Deploying models can quickly add up in terms of cost, with tasks like image generation using orders of magnitude more energy than tasks involving text and “general purpose” models requiring 20-30 times more energy compared to task-specific ones (source).

The recent family of ‘smolLM’ models with 135M, 360M, and 1.7B parameters, trained by Hugging Face, has proved that smaller LLMs can achieve impressive results when designed and trained thoughtfully. These models were specifically designed to be small and run locally on accessible hardware including smartphones.

Through explicit curation of a custom, high-quality training corpus and a bespoke training approach, SmolLMs are able to compete with state-of-the-art LLMs multiple times their size. The original SmolLM series was followed up with a second family of models (SmolLM 2) as well as SmolVLM2, the smallest video language model, showing that small can be mighty even in multi-modal settings.

Distillation and quantization

Above and beyond models that are explicitly trained to be smaller and less compute-intensive, it is also possible to take existing trained models and make them less compute-intensive. One of these techniques, called knowledge distillation, involves transferring knowledge from a large model to a smaller one. While this doesn’t reduce the amount of compute needed to initially train the model, it does significantly reduce the amount of compute needed to deploy it. For instance, while the highly popular DeepSeek R1 model has 671B parameters (and needs multiple high-performance GPUs to be deployed!), the DeepSeek team also open-sourced distilled versions of the models that range from 1.5B to 70B with similarly high performance.

Another popular technique for reducing the amount of memory and compute needed for model deployment is quantization, which involves using a lower precision, e.g., 8-bits instead of 32, for representing the model. This means that operations like matrix multiplication can be performed much faster (since there are fewer operations to do). Data formats like GGUF, AWQ and AutoGPTQ, are specifically optimized for quick loading and saving of models, which makes it possible to take existing models developed in PyTorch and convert them, giving a huge boost to their efficiency.

One way to measure the relative benefits of these techniques for different models and hardware types is the AI Energy Score project, which proposes standardized approaches for benchmarking the energy efficiency of different models and tasks. The leaderboard includes hundreds of existing open source models, and the methodology can be used to rank and compare models and optimization approaches, and to pick the most efficient model for the task at hand.

Reuse: Using Existing Models

TL;DR —-- Reusing models can help save many tonnes of CO2 emissions compared to training new models, and it’s good practice to search for a model on the HF Hub instead of training from scratch.

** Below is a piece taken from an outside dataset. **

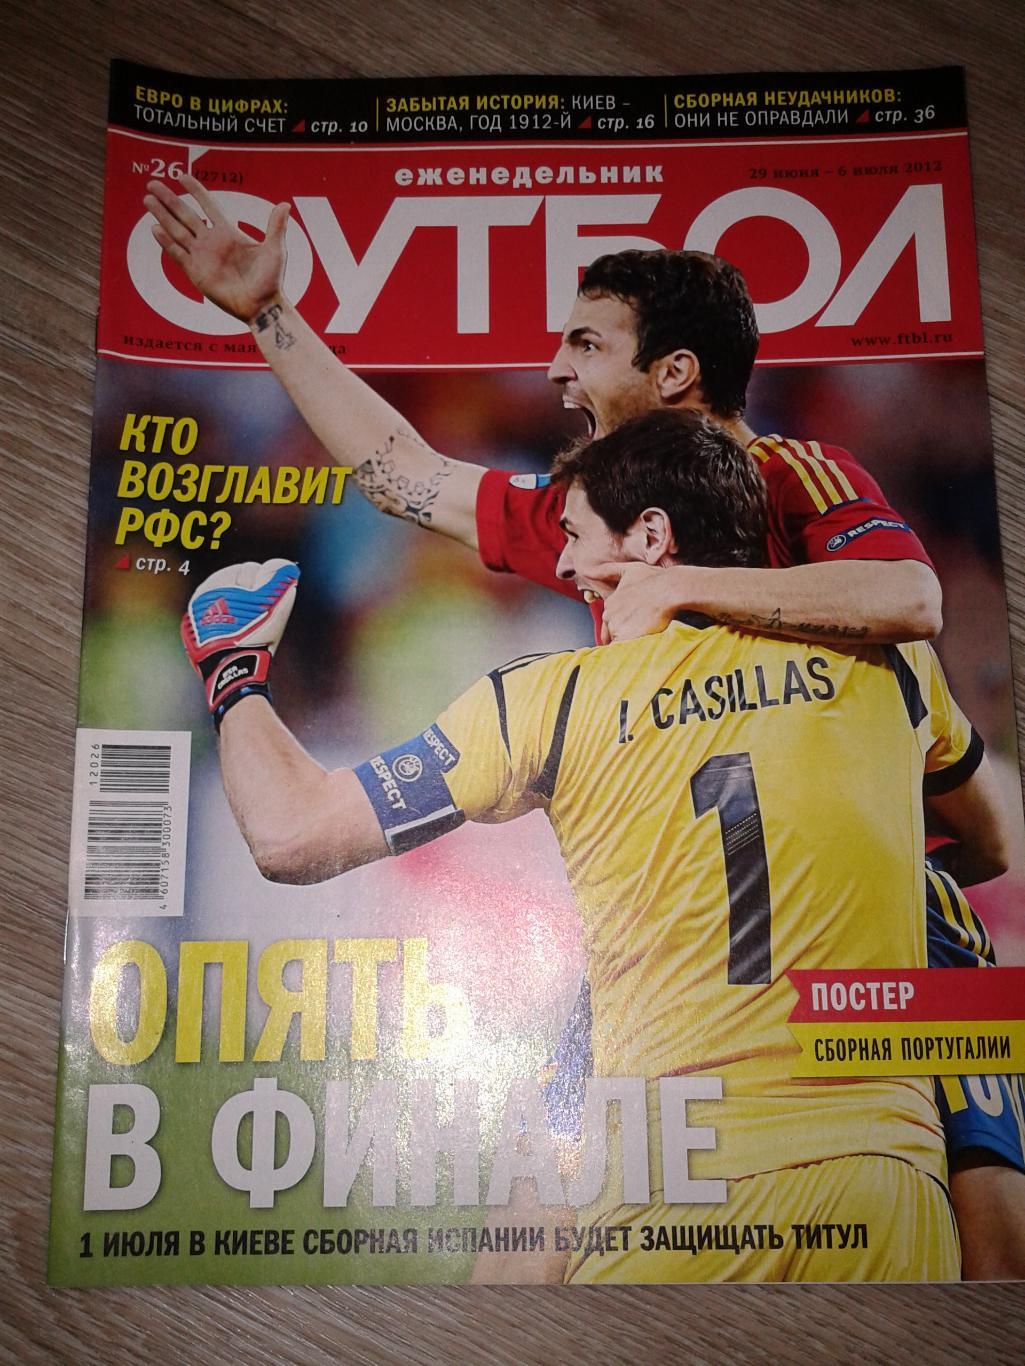 2012 Еженедельник Футбол №26

“Bigger is better” has been a dominant paradigm in AI research and practice, driven by ‘scaling laws’ that stipulate that larger models have better performance than smaller ones. This inexorably uses increasing amounts of compute, with many recent state-of-the-art LLMs reportedly costing hundreds of millions of dollars to train. This also comes with a cost to the environment since the energy to power this compute is mostly generated from non-renewable sources like natural gas. Research has estimated this cost to be anywhere between 25 to 500 tonnes depending on where and how models are trained.

As the biggest repository of open-source AI models and datasets, the Hugging Face Hub makes it easy for members of the AI community to easily find models that carry out different tasks, from visual question answering to translation and image generation, using predefined pipelines. Whereas before, developers would spend hours “shopping” for the right model and adapting it to the specific framework and hardware setup that they have (CUDA versions are a pain, amirite?), now they can easily find, download and deploy millions of models from the Hugging Face Hub.

Interestingly, many of the models with the most downloads are not the ones with hundreds of billions of parameters, but more lightweight ones like MobileNet-v3 (2.55M parameters!) and BERT-base (110M), reflecting the real-world usage and longevity of small, simple models that can be used in a variety of applications. Since many members of the AI community identify as “GPU poor” (i.e. without ready access to large amounts of cloud compute), reusing models that both require less computational power and are tried and true makes them more accessible.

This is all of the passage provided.